You can use the 'featurizer' and 'splitter' keyword arguments and pass in different strings. Common possible choices for 'featurizer' are 'ECFP', 'GraphConv', 'Weave' and 'smiles2img' corresponding to the dc.feat.CircularFingerprint , dc.feat.ConvMolFeaturizer , dc.feat.WeaveFeaturizer and dc.feat.SmilesToImage featurizers.

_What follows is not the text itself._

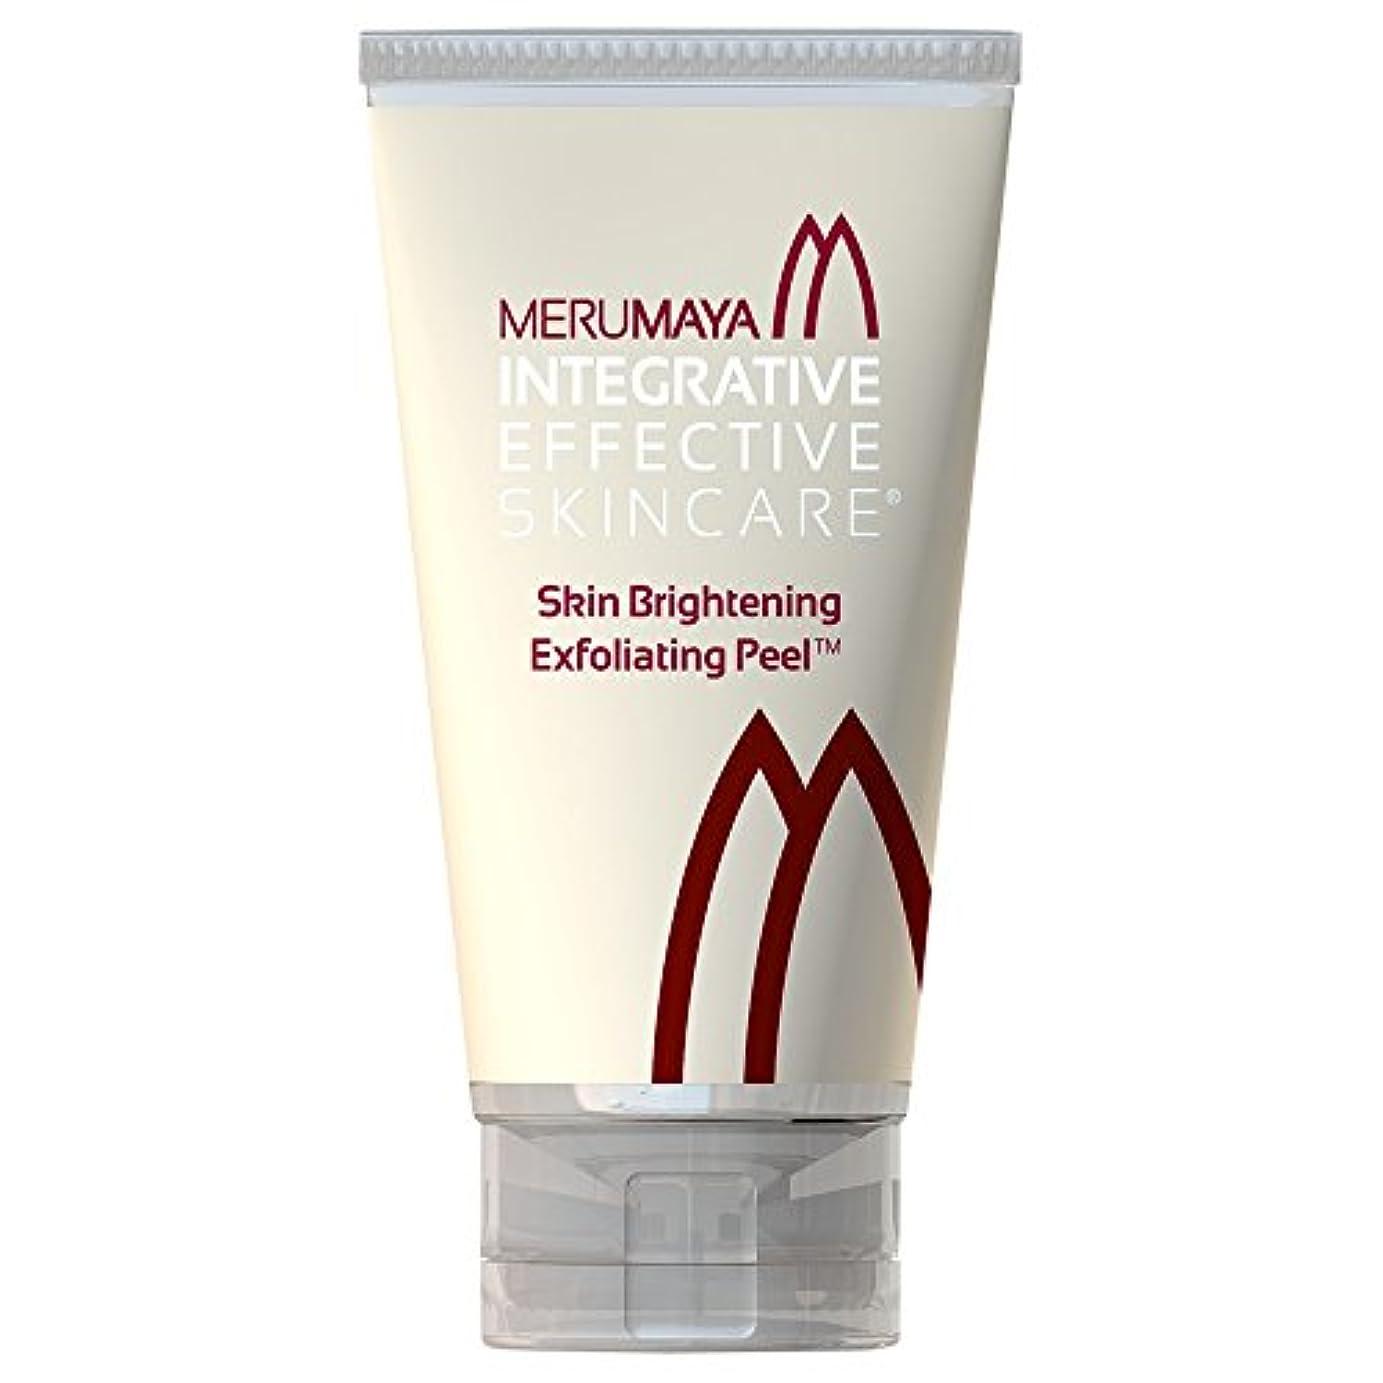 言い聞かせるバック暴露するMerumayaスキンブライトニングピーリング剥離?の50ミリリットル (Merumaya) (x2) - MERUMAYA Skin Brightening Exfoliating Peel? 50ml (Pack of...

Common possible choices for 'splitter' are None , 'index', 'random', 'scaffold' and 'stratified' corresponding to no split, dc.splits.IndexSplitter , dc.splits.RandomSplitter , dc.splits.SingletaskStratifiedSplitter . We haven't talked much about splitters yet, but intuitively they're a way to partition a dataset based on different criteria.



In [23]:
# Instead of a string, you can pass in any Featurizer or Splitter object
tasks, datasets, transformers = dc.molnet.load_delaney(featurizer="ECFP", splitter="scaffold")

In [24]:
(train, valid, test) = datasets

In [25]:
train

<DiskDataset X.shape: (902, 1024), y.shape: (902, 1), w.shape: (902, 1), ids: ['CC(C)=CCCC(C)=CC(=O)' 'CCCC=C' 'CCCCCCCCCCCCCC' ...
 'Nc2cccc3nc1ccccc1cc23 ' 'C1CCCCCC1' 'OC1CCCCCC1'], task_names: ['measured log solubility in mols per litre']>